The pain gets more manageable in time. It never goes away, but it does change. It somehow becomes more about love than hurt -- or it did with me anyway.

And the anger fades. There came a point where I realised there was not much point in being angry; it didn't change anything. Moreover, it was getting in the way of how I wanted to feel and think when I thought about my baby girls. I wanted to smile when I thought about them; I wanted to feel all that powerful love I had for them and beam it out into the world around me. Anger stopped me doing that, so I realised I had to let it go. It was hurting me most of all.

I noticed an emotional shift where things got better after about seven months after my last stillbirth (I've had two, one after the other), but I did reach rock bottom two months prior to that, and knew I had to find myself a therapist to help me recalibrate my life, which, by that point, was just rubble.

My advice would be to look after yourself. You will make it through this, but you need to be kind to yourself. Eat well and healthily. Alcohol does not help, neither does junk food. It's also pretty good to ground yourself by going out walking, pottering about outside, or just looking at flowers or things you find beautiful. Remember to rest. Cherish your sleep.

What I want to say most of all is that a stillbirth is a transformational experience. It changes you on a very deep emotional and psychological level. I resisted that reality for a long time, and it was only when I accepted that I could never go back to the woman I was before that I began to heal.

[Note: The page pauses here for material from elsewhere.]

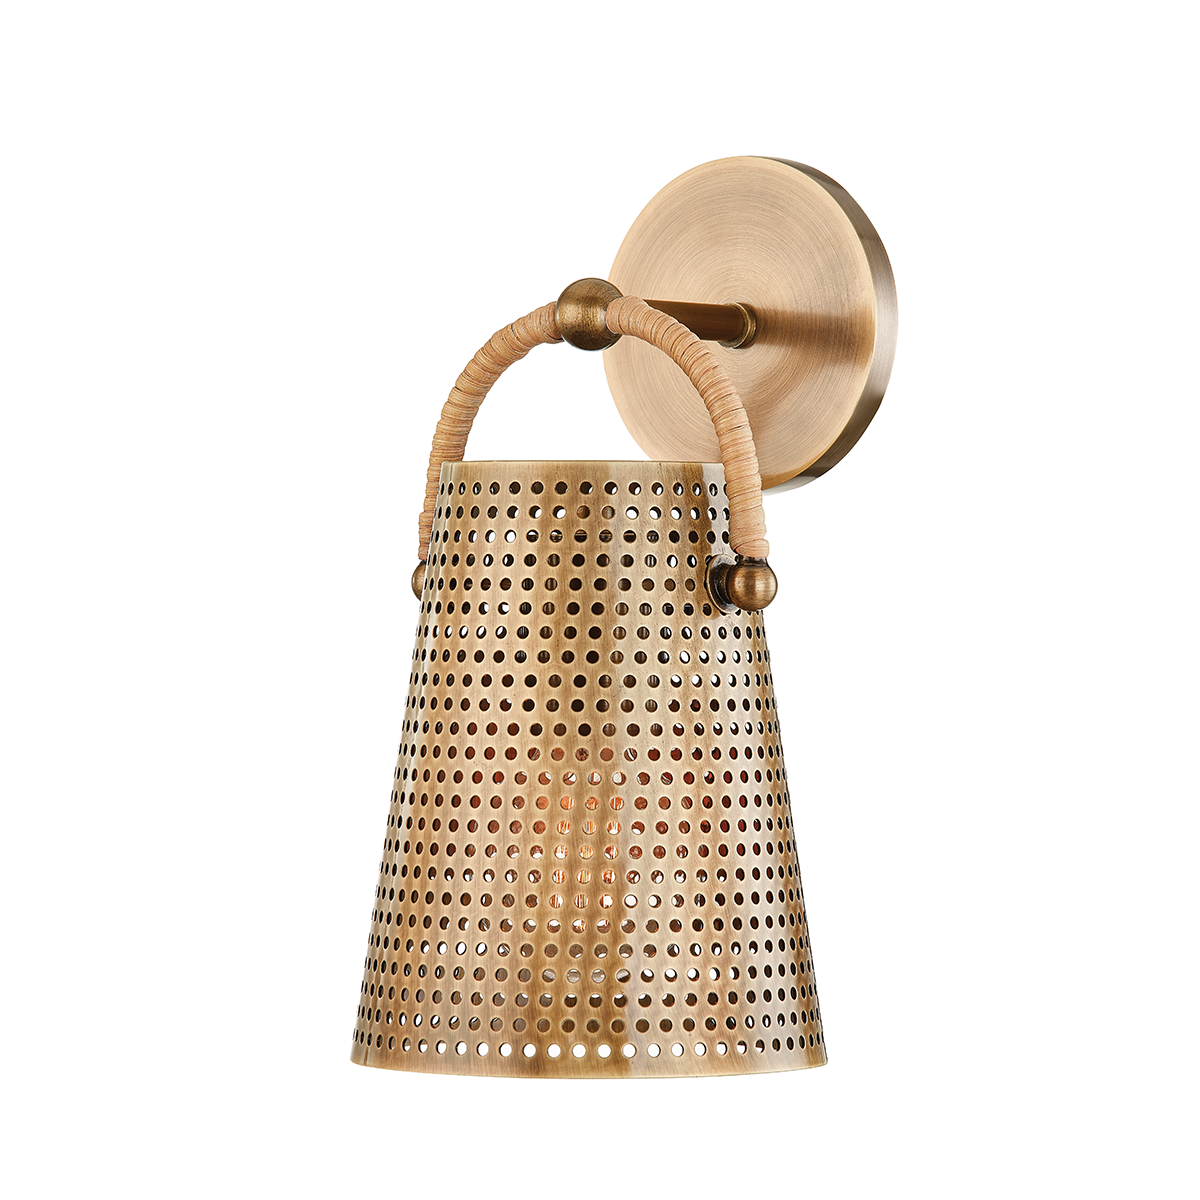 Patina Brass Shade with Wrapped Natural Rattan Arm Wall Sconce

And although those days were beyond hellish, the experiences strangely led to DH and I making quite drastic changes in our lives. We now live in a way that is better for us on a huge range of measures; we consciously made significant changes to reduce general everyday levels of stress largely because we just did not have the capacity to cope with even minor pressures after the stillbirths but those efforts, inadvertently, gave us the space to redirect our lives for the better.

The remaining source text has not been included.